Conclusão: o ouvido como novo ecrã
Se a OpenAI levar o Sweet Pea até à linha de meta com o nível de polimento que o nome Jony Ive faz antecipar, poderemos estar perante a primeira grande “máquina de IA pessoal” de massas. Um objeto que escuta, vê, compreende e ajuda sem pedir licença a cada segundo — mas que, para ser aceite, terá de colocar o utilizador no comando total da privacidade.
2028 parece longe, mas as peças estão a mexer. E o ouvido pode mesmo tornar-se o novo ecrã.
FAQ
P: O que é o Sweet Pea?
R: Um projeto de auscultadores/earbuds de IA da OpenAI, pensado para interação por voz e assistência contextual, com forte aposta em processamento local.
P: Quem está por trás do design?
R: Os relatos apontam para Jony Ive e a sua equipa, sugerindo um foco apurado em ergonomia, materiais e simplicidade de uso.
P: Em que se diferencia de earbuds tradicionais?
R: Formato híbrido com módulos atrás da orelha, espaço para chips mais potentes, sensores adicionais e uma experiência centrada na conversa, não só na reprodução de áudio.
P: Vai precisar de dizer “Hey…” para acordar?
R: A ideia é dispensar palavras de ativação, recorrendo a consciência do ambiente para oferecer ajuda proativa — com controlos de privacidade indispensáveis.

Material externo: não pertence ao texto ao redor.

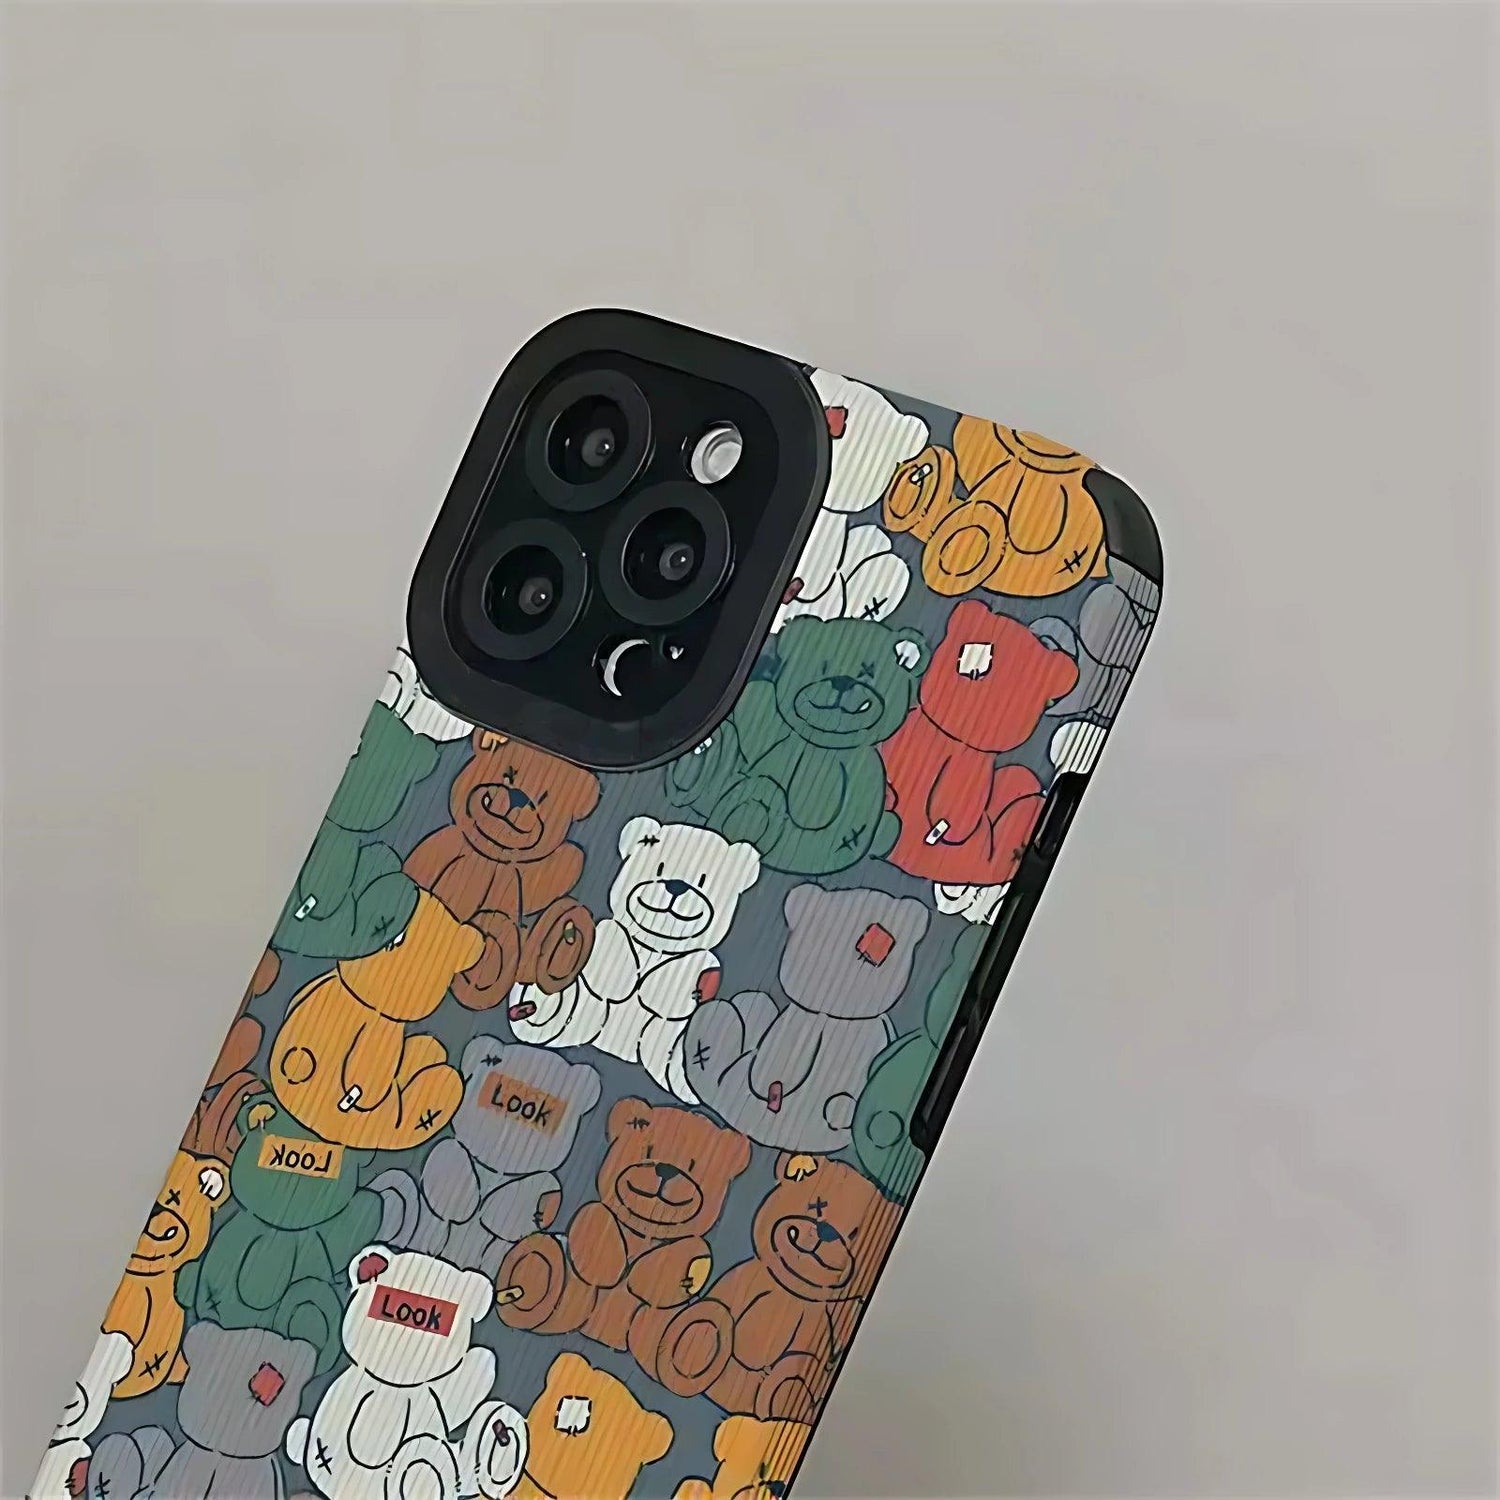 Cute Cartoon Colored Bears Phone Case for iPhone 6, SE, 7, 8, X, XR, XS, 11, 12, 13, 14, Pro Max, and Mini - Protective Cover - Touchy Style .

P: Quando poderá chegar ao mercado?
R: A janela indicada nos rumores é setembro de 2028, um horizonte que dá tempo para maturar tecnologia, parcerias e certificações.
P: Pode substituir o smartphone?
R: Não totalmente. O objetivo é reduzir fricções e assumir tarefas rápidas por voz, deixando o ecrã para momentos que exigem visualização e controlo detalhado.